Akademikerinnen bekommen zu wenig Nachwuchs, heißt es. Doch auch die bildungsnahen, beruflich ambitionierten Frauen in Deutschland sollen ihren Schöpfungsauftrag erfüllen. Deshalb lautet die neueste Empfehlung, schon während des Studiums Kinder zu bekommen.

Ein Vorteil sei, dass junge Akademikerinnen so den Karriereknick durch die Elternzeit umgehen können. Wenn Sie dann ihren Abschluss in der Tasche haben, so die Vision, sei der Nachwuchs schon bereit für den Elitekindergarten. Mamas steiler Aufstieg auf der Karriereleiter werde nicht von Mutterschutz oder Stillpausen gestört. Außerdem ist in den frühen Zwanzigern die Fruchtbarkeit am größten und das Multitasken liege den Frauen ja ohnehin.

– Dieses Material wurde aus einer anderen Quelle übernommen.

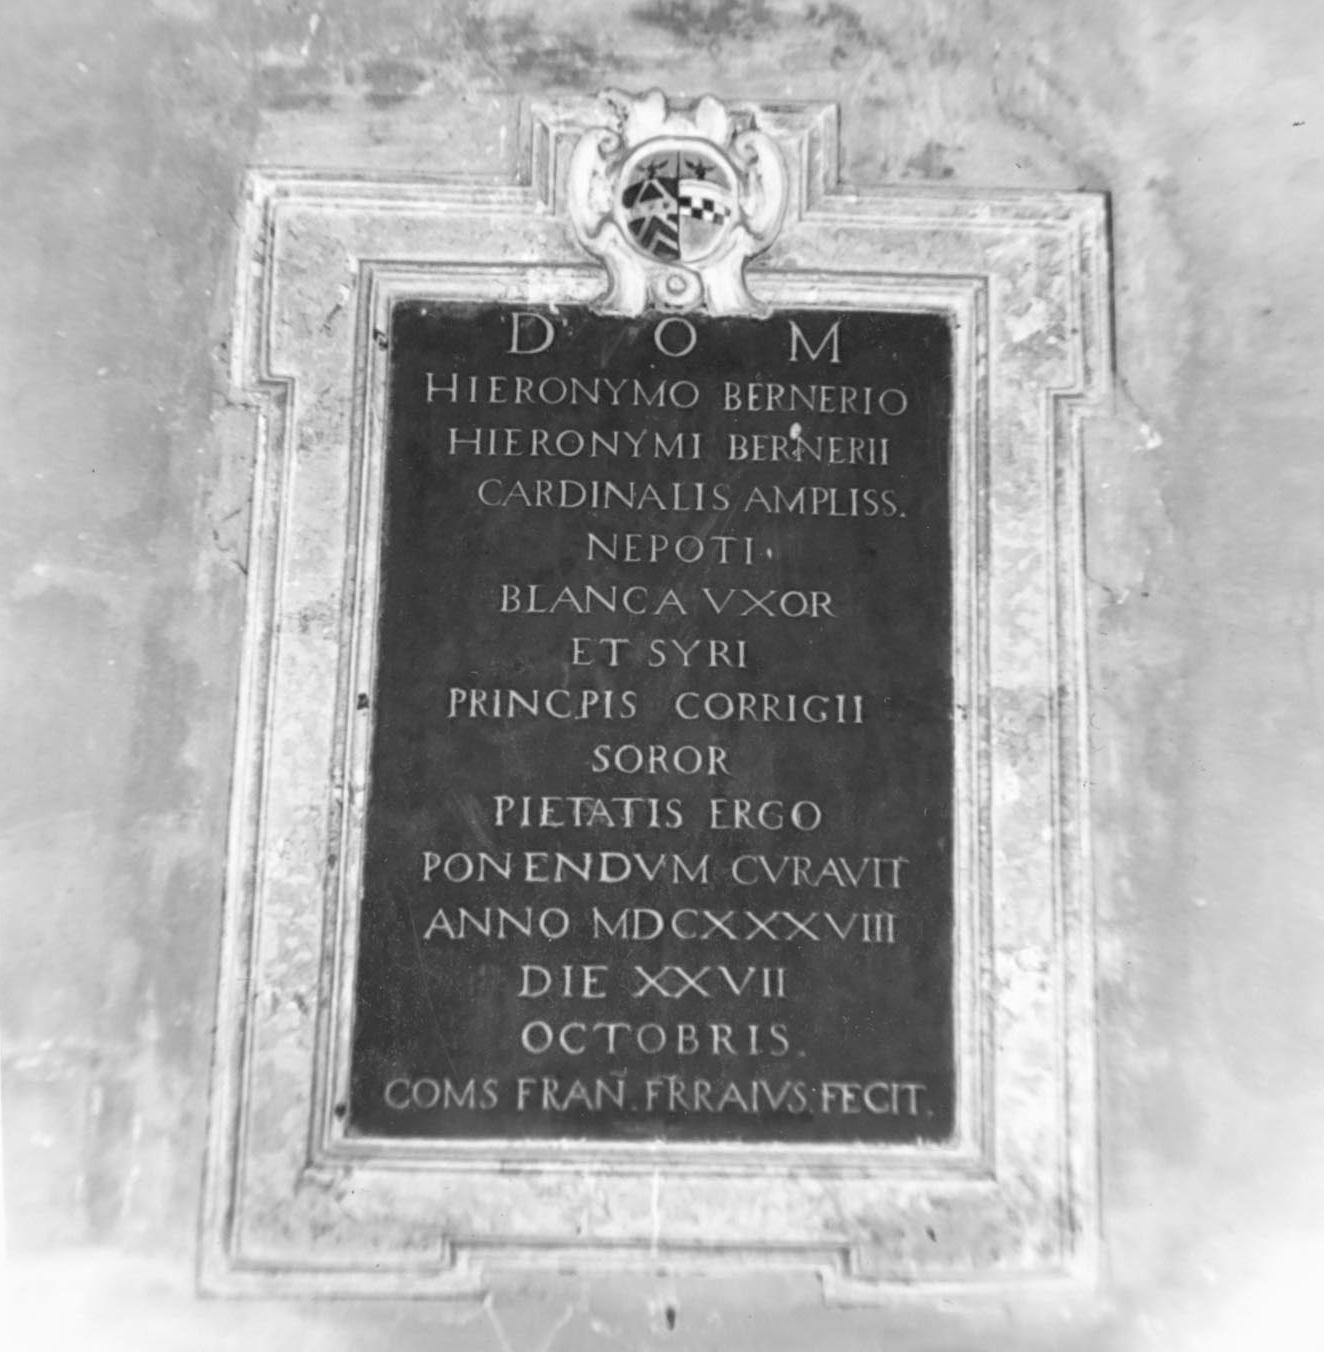 lapide tombale - bottega emiliana (sec. XVII)

Nun, ich habe es ausprobiert. Ich habe studiert und währenddessen zwei Kinder bekommen. Mein Studium als Mutter war geprägt von zermürbenden Sorgen, atemberaubenden Glücksmomenten, dem Ausfüllen einer unendlichen Flut von Formularen und durchwachten Nächten am Schreibtisch. 

Ich habe kaum geschlafen, wenig gegessen, war meistens außer Atem, immer unter Strom. Ich habe nebenher gearbeitet, um die laufenden Kosten zu decken, außer dem Notwendigsten habe ich keine Ausgaben getätigt. Und ich habe verzweifelt um den Erhalt meines Soziallebens gerungen. 

Letztendlich habe ich das geschafft, was mir streckenweise unmöglich schien: einen guten Abschluss. Mein Zeugnis habe ich zusammen mit meinen Töchtern entgegengenommen und vor Erleichterung und Stolz ein bisschen geweint.

Das ist nun ein Jahr her. Seitdem schreibe ich Bewerbungen. Mittlerweile bin ich zum Profi avanciert: Ich kann in kürzester Zeit Fakten über potenzielle Arbeitgeber recherchieren, meinen Lebenslauf an Unternehmen anpassen und dazu knackig-prägnante Motivationsschreiben verfassen. Und genauso kann ich den Standard-Wortlaut der Absagen auswendig herunterbeten.

Meine kinderlosen Kommilitoninnen haben nach dem Studium sofort gute Jobs gefunden. Sie waren wohlgemerkt drei Jahre früher als ich mit der Uni fertig, die meisten haben dann noch einen Post-Graduate im Ausland drangehängt. Fast alle von ihnen möchten auch Kinder bekommen – aber irgendwann.

Ich bereue meine Entscheidung nicht, früh Mutter geworden zu sein. Eine Familie zu haben ist für mich das Wichtigste im Leben. Doch ich hätte das Studium mit Kindern nicht durchgestanden ohne den Ansporn, dass am Ende der Prüfungen der Beginn einer Karriere stehen würde. Ich gebe die Hoffnung nicht auf. Die nächste Bewerbung, die ich verschicke, ist für ein einjähriges Aufbaustudium.